* _DATA BLOCK_

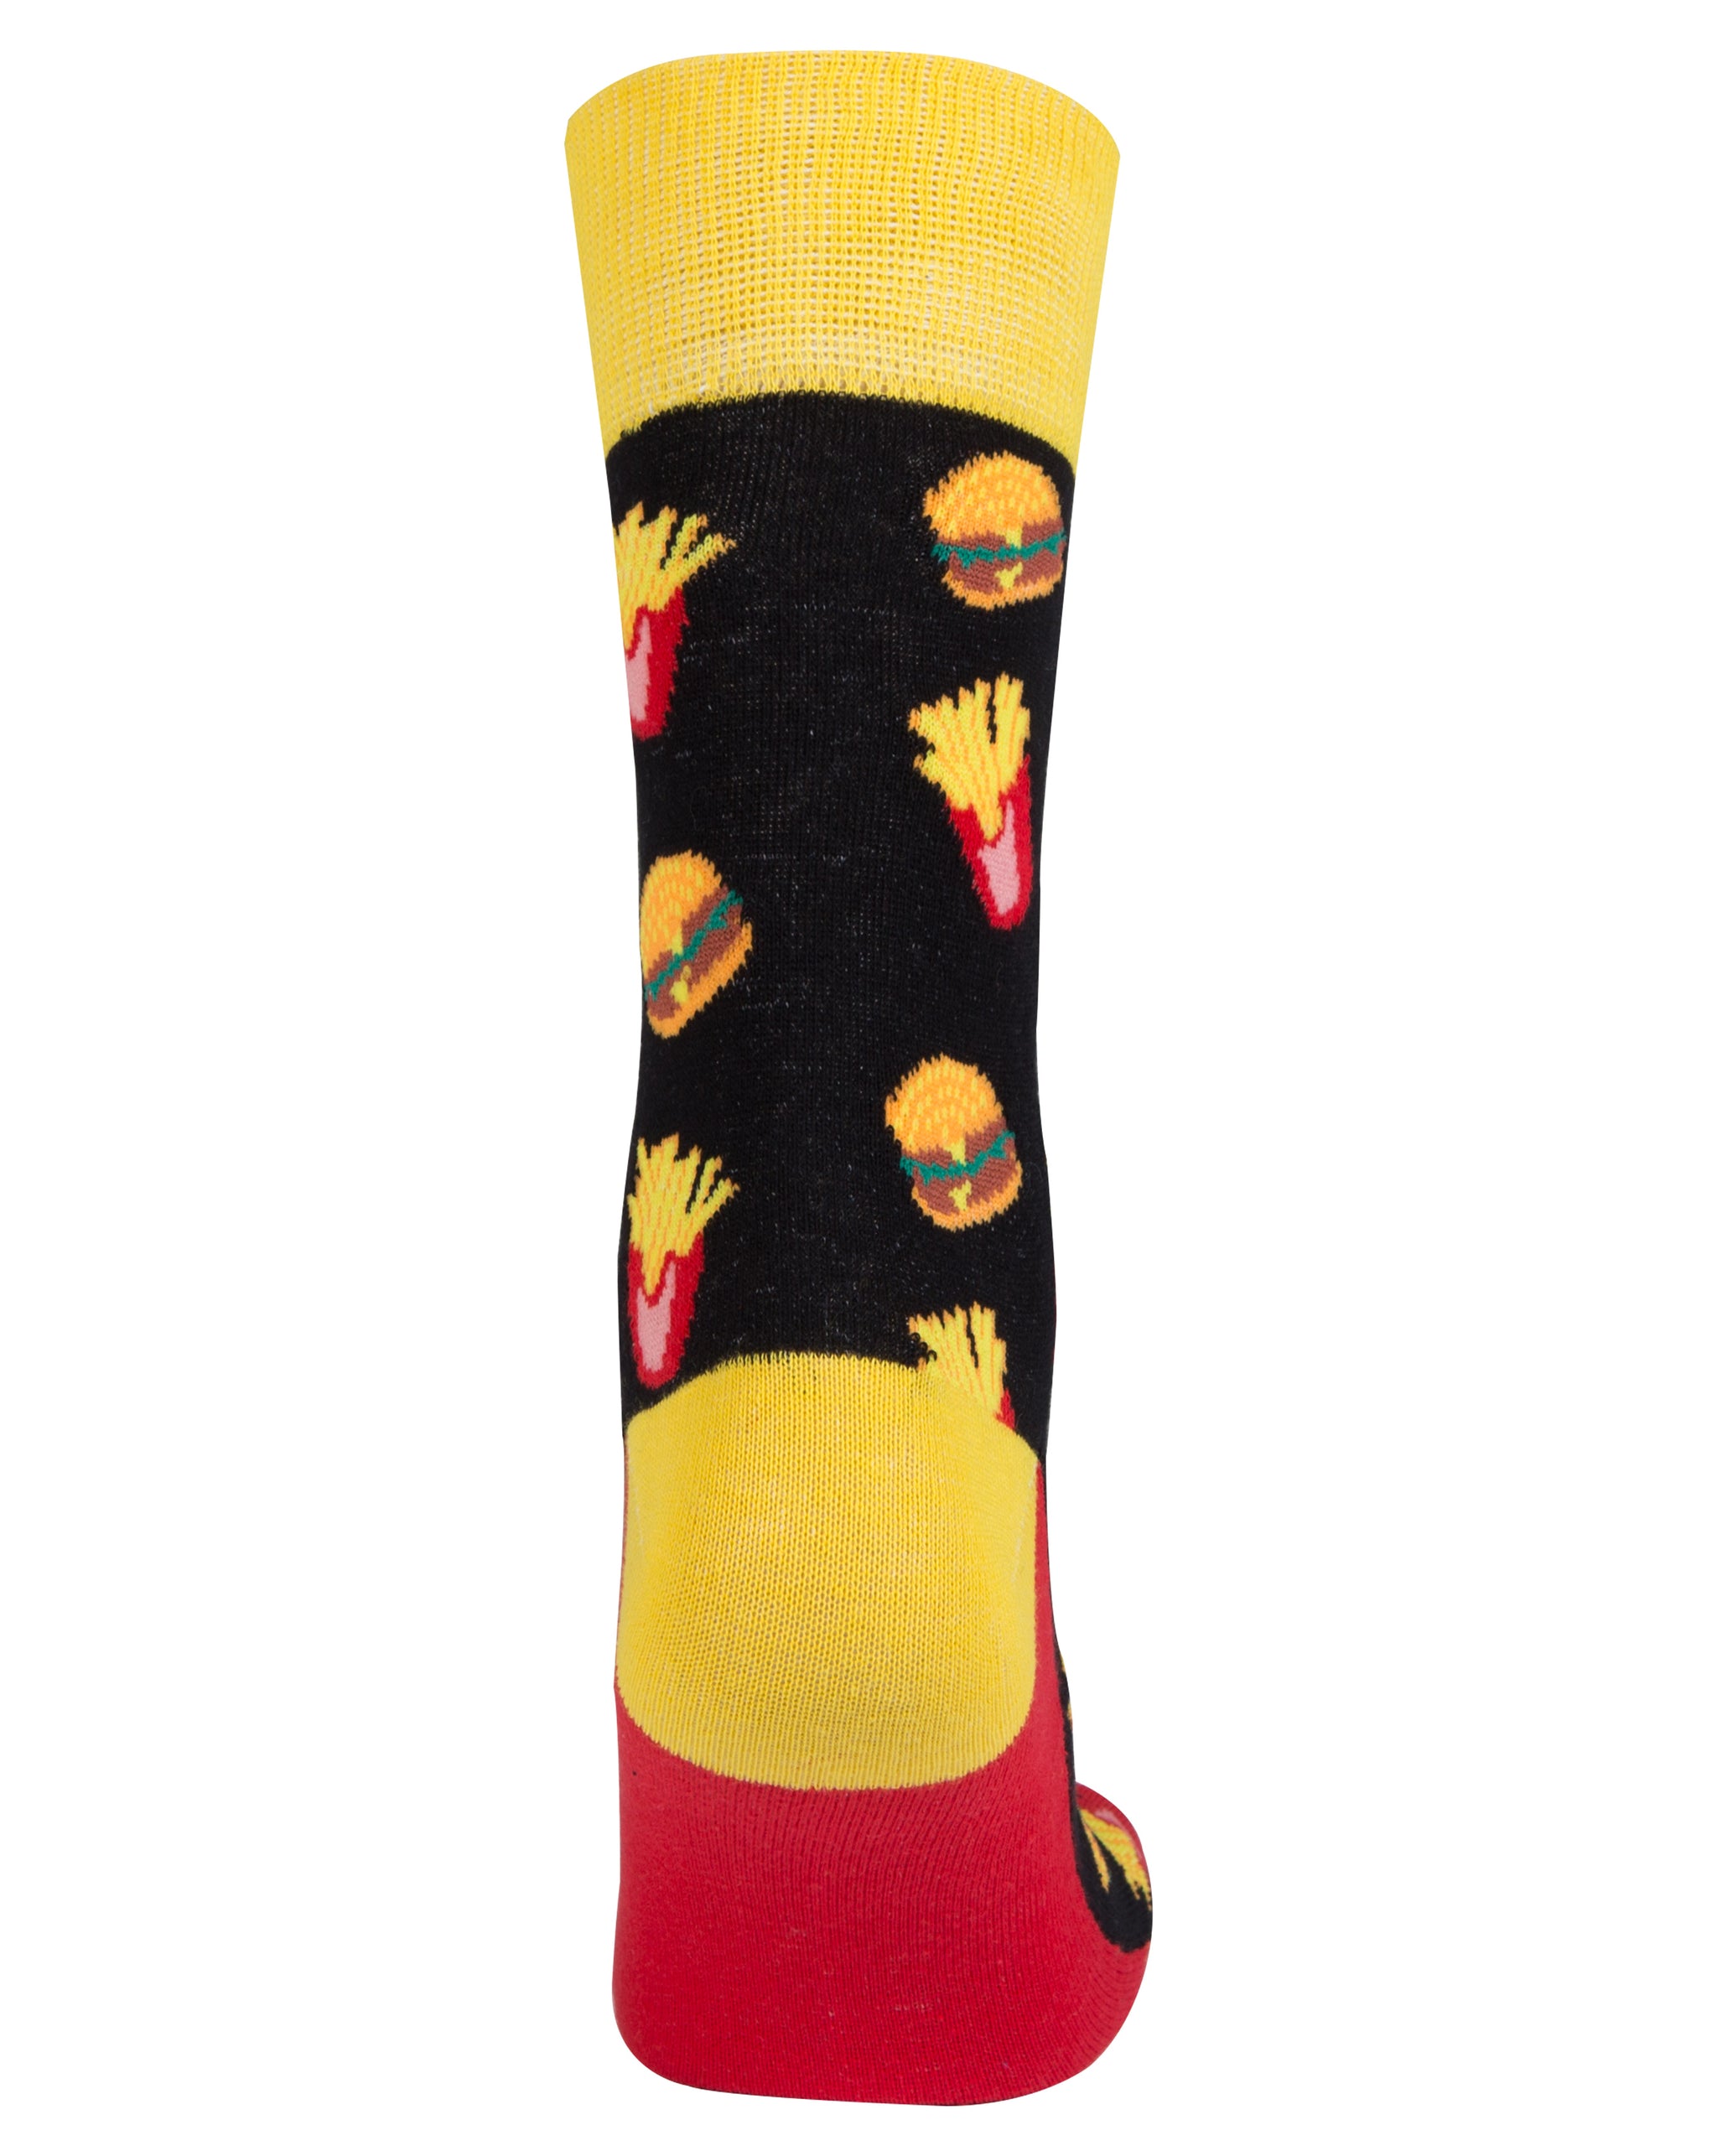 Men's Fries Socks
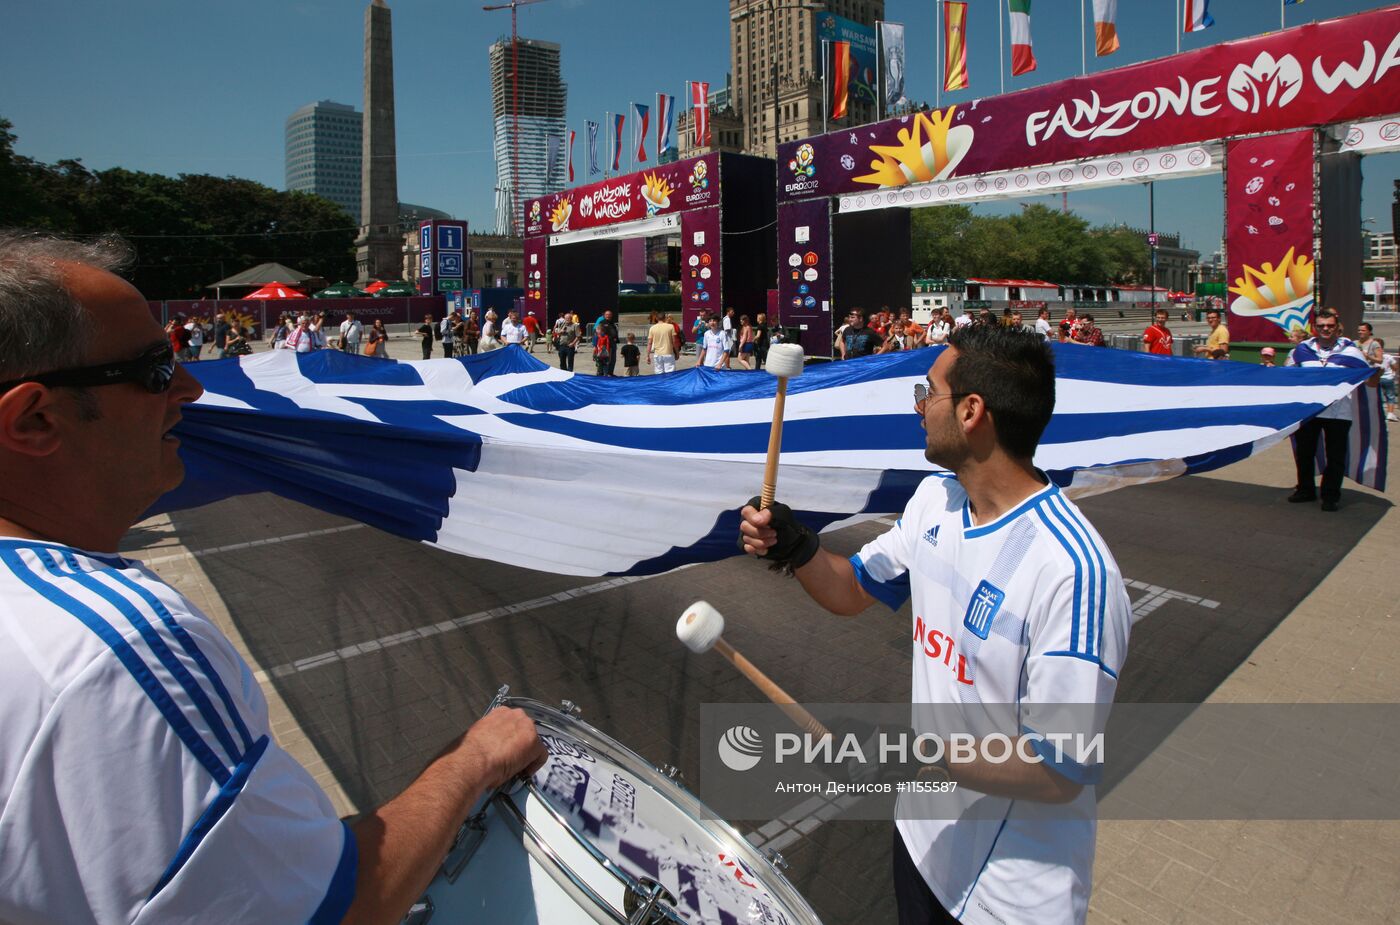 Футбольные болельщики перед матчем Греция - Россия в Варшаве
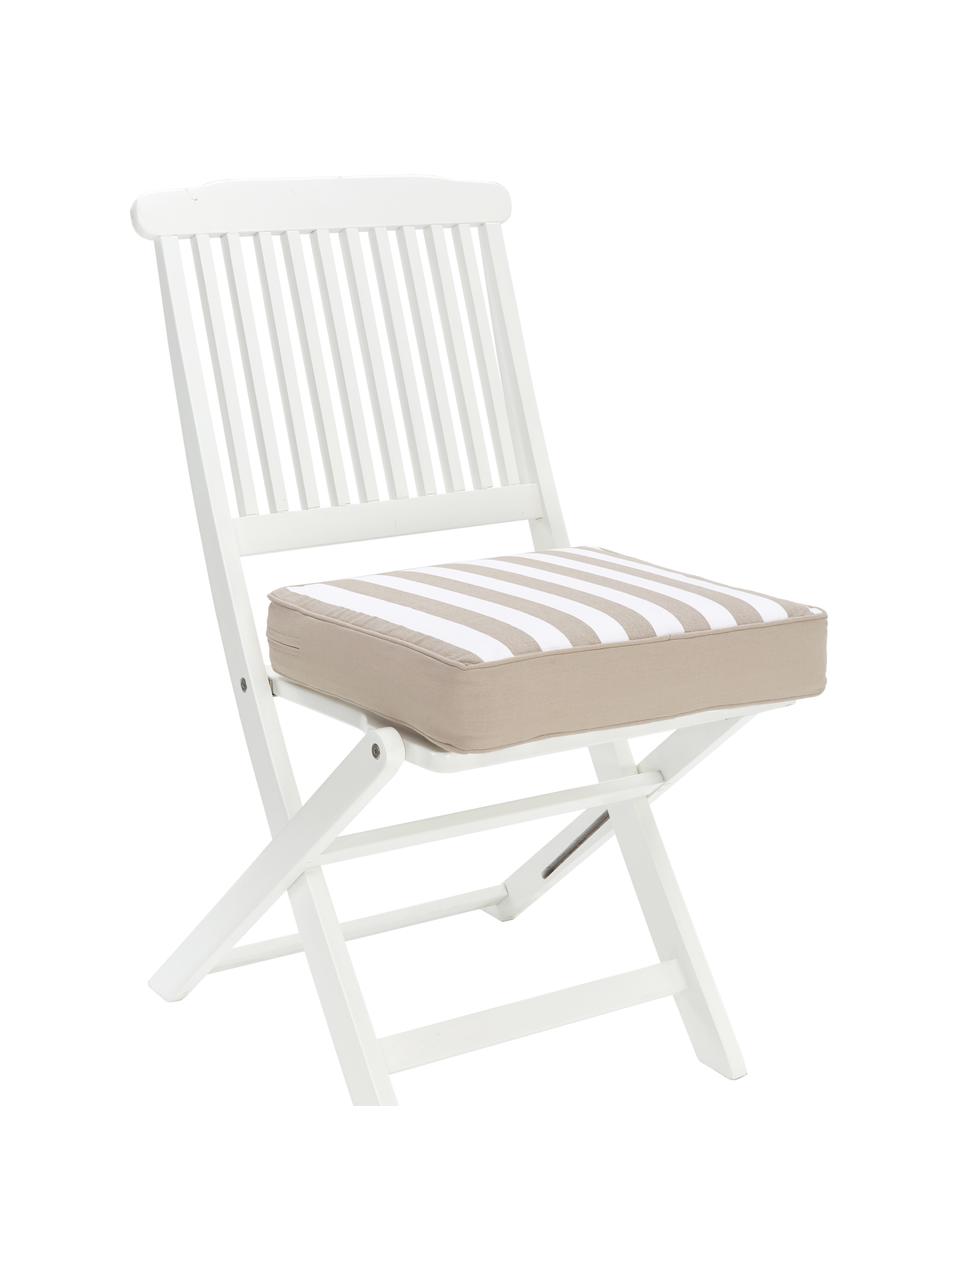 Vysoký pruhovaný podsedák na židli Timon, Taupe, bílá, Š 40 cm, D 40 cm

* _WHAT TO WORK ON_
Nothing but the pictures should be left out when the material above is copied.

* _ANSWER SPACE_
 Men's Fries Socks
 Футбольные болельщики перед матчем Греция - Россия в Варшаве
 Vysoký pruhovaný podsedák na židli Timon, Taupe, bílá, Š 40 cm, D 40 cm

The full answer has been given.